Behavioral economics

  1. Recency bias – If the market has done poorly in the past year, we believe the same for the next year.
  2. Overconfidence – 70% of the Americans believe they are above average. The same gets reflected in decisions about investing.
  3. Loss aversion – we feel the pain of the loss of 100$ twice as much as we feel the gain of 100$.
  4. Paralysis by analysis – too many choices of funds to invest in confuses us.
  5. Endowment effect – Feeling safer and overrating what we already own.
  6. Following the herd – It makes us feel safe to buy what everyone else is buying.
  7. Mental accounting – Its the habit of treating money coming from different sources as different.
  8. Anchoring – Holding onto investments which have badly lost its value and might never recover just because we are anchored to its past price.
  9. Financial negligence – Being preoccupied with other things in life is no reason to ignore finances.

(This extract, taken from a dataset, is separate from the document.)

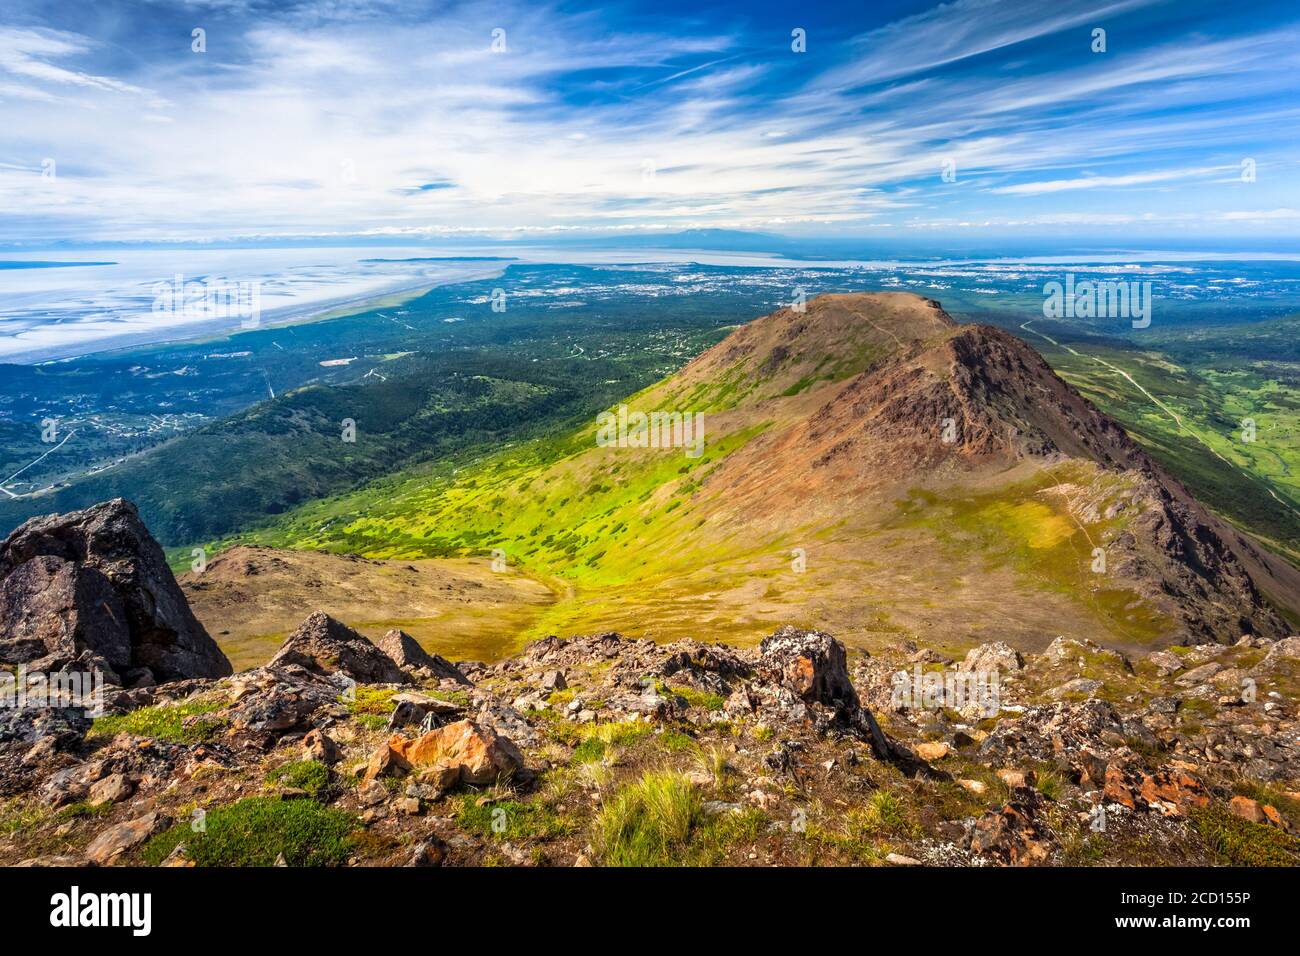 Flattop Mountains Peak 1, 2, and 3, viewed from Flaketop Mountain. Cook Inlet and Anchorage are in the background. Chugach State Park, South-centra... Stock Photo
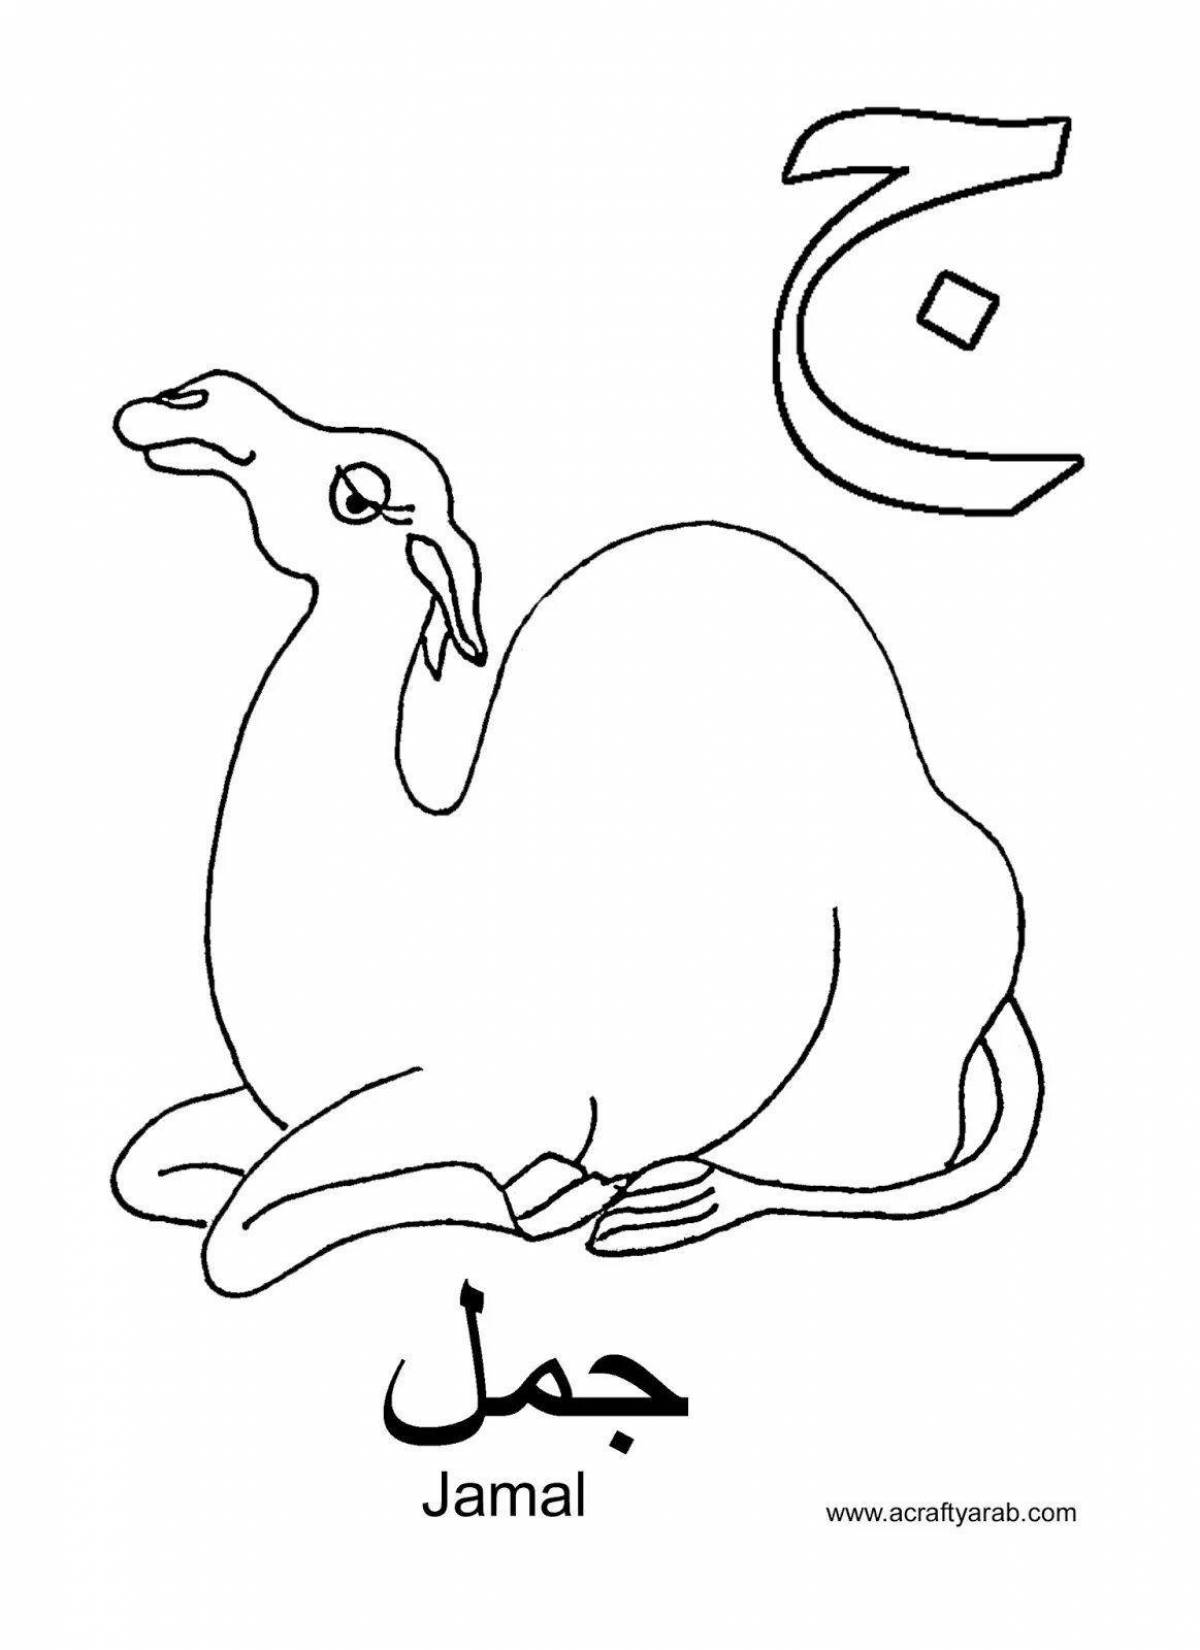 Colorful arabic alphabet coloring page for kids of all cultures

Spending during retirement

  1. Better underspend than overspend and run out of money in retirement.
  2. Keep fixed living expenses as low as possible.
  3. Have a viable way to earn income, if needed.
  4. Don’t take social security paychecks till the age of 70.
  5. The annuity could be useful for people older than 75.
  6. A safe withdrawal rate is 4% of the initial value (or 5% of the current value of the portfolio)

Insurance

  1. Disability insurance is more important than life insurance.
  2. Buy insurance if downsides are huge even is chances are low, e.g., flood insurance.
  3. Buying insurance for narrow things like specific diseases is a bad idea.
  4. The cheapest insurance is always self-insurance.
  5. Carry largest affordable deductible.
  6. Cash-value insurance like universal insurance is a bad idea since it mixes insurance and investing, its best to keep the two separate.
  7. Rather than life insurance prefer buying term insurance.
  8. If your employer offers, consider HDHP for health insurance.
  9. Illness and medical bills cause 50% bankruptcies.
  10. An umbrella policy of $1 million is a good idea to deal with potential litigations.
  11. If over 50, give serious consideration to buying long-term care before turning 60 since 60% population will require nursing home stays.

Inheritance

  1. Currently, up to $5 million is tax-exempted from inheritance.
  2. Will takes care of passing on the assets else they will be stuck in probate which can be lengthy and expensive.
  3. A living trust makes the process much smoother. Transfer assets to trust, make yourself and your spouse cotrustee and children successor trustee.
  4. Power of attorney for finances and health care is a good idea as well – they become active only if the person is incapacitated and unable to make decisions. for oneself.
  5. Charitable Trust is another option for donation to charities with better tax treatment.